Bolton’s hawkishness meant that his statement toward North
Korea carried with it overtones of a threat, as despite the denuclearization
agreement by Libya, less than a decade later, Gaddafi was under air attack by
NATO forces as the Libyan Revolution raged on in 2011. He was eventually shot
and sodomized in a drain culvert by opposing forces while trying to escape
after the Battle of Sirte.
Pyongyang has often referred to Libya as an example of why
one should never relinquish nuclear weapons and why North Korea can’t trust the
United States, as the U.S. and the West eventually facilitated Gaddafi’s
disposition and death (along with Saddam Hussein’s) despite their nuclear and
WMD capitulation.
Indeed, Dr. Guo Yu, principal Asia analyst at the global
risk consultancy Verisk Maplecroft said
that Kim Jong-un has learned this lesson well, “We see in Libya and Iraq
countries who gave up their WMD programs, and foreign power campaigns that led
to a regime change,…To safeguard against that, North Korea [is] firmly in the
belief that they need to have credible nuclear deterrent…”

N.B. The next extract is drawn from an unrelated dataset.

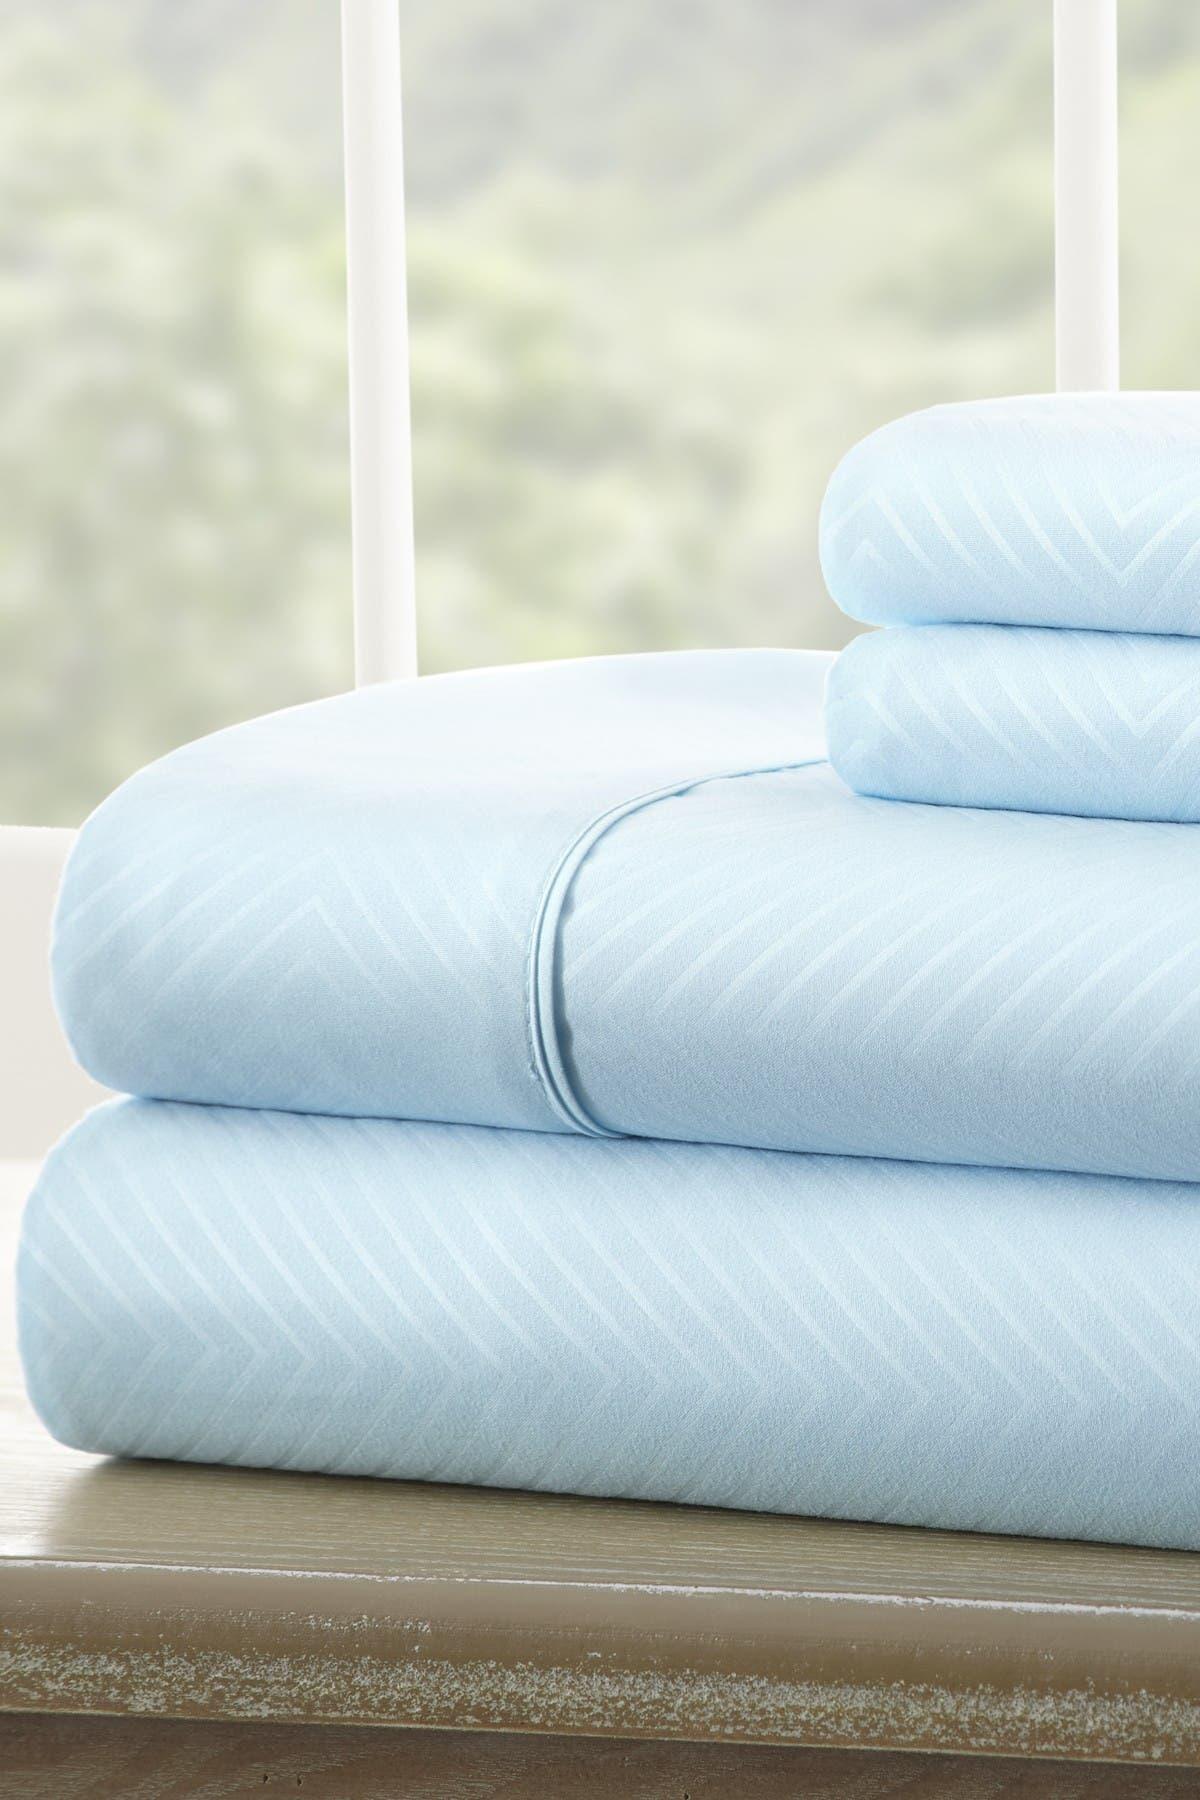 Image of IENJOY HOME California King Hotel Collection Premium Ultra Soft 4-Piece Chevron Bed Sheet Set - Aqua
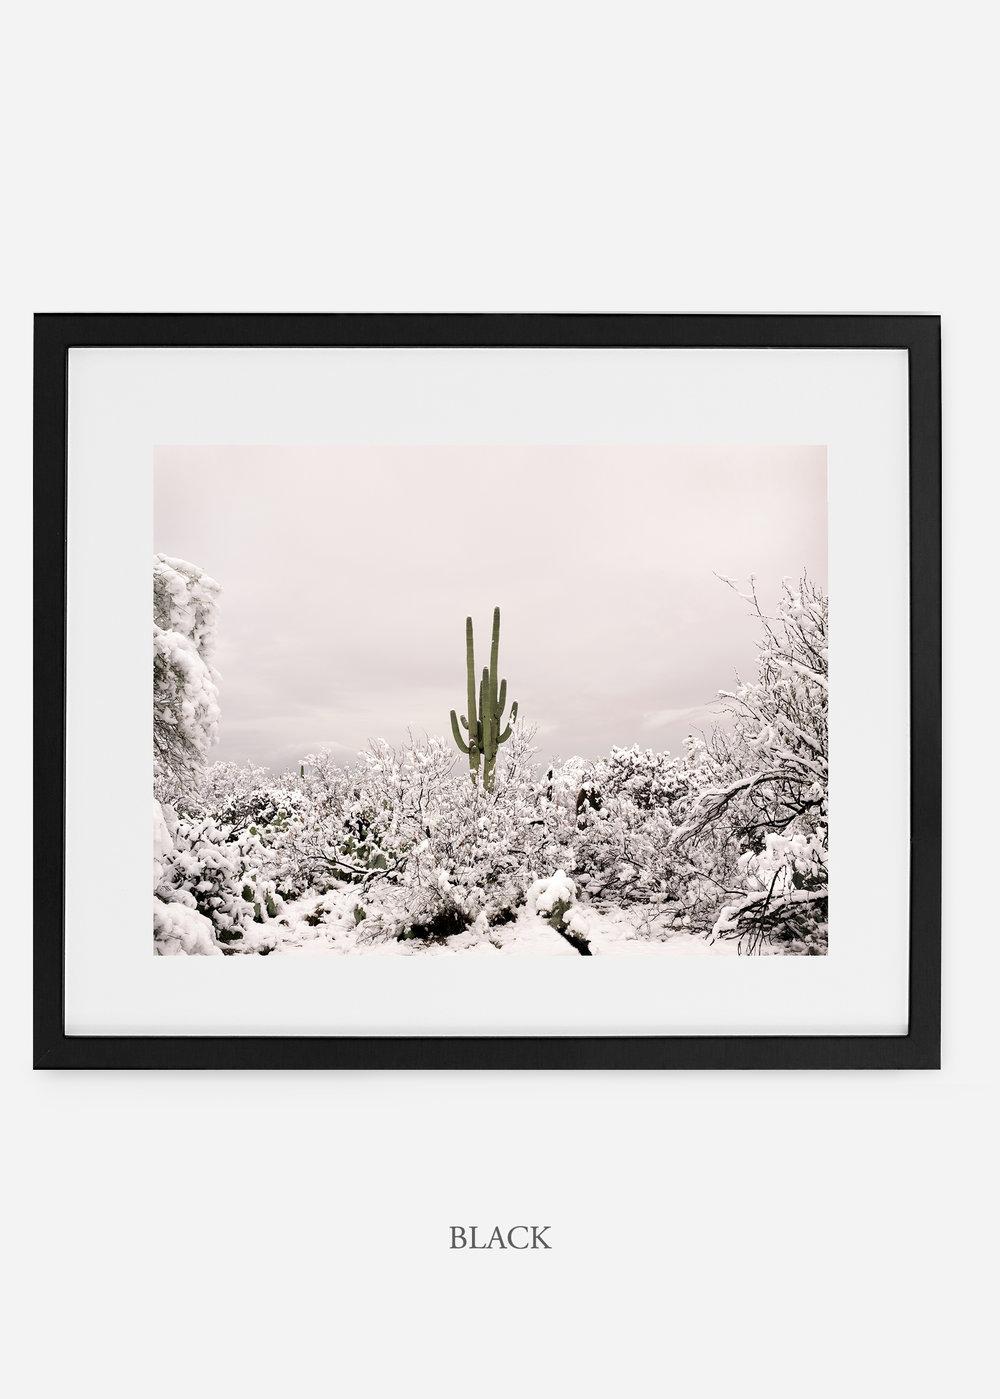 blackframe-saguaroNo.1-wildercalifornia-art-wallart-cactusprint-homedecor-prints-arizona-botanical-artwork-interiordesign.jpg

So, whether or not Bolton’s comments were an unforced error
or a less-than-subtle attempt to derail the summit process is up for debate.
Regardless, with pressure from China and after some substantial “explanations”
by the Trump administration, saying that Bolton was only referring to the
positive outcomes of 2002-03 and not ultimately to regime change, the summit
process was back on track.
This was especially true as tensions eased further after
North Korea released three American prisoners it had been holding for as long
as 31 months. Kim Dong-chul, Kim Sang-duk, and Kim Hak-song were released to
the newly confirmed Mike Pompeo as Secretary of State and landed at Joint
Andrews Airforce Base in Washington, DC on May 10.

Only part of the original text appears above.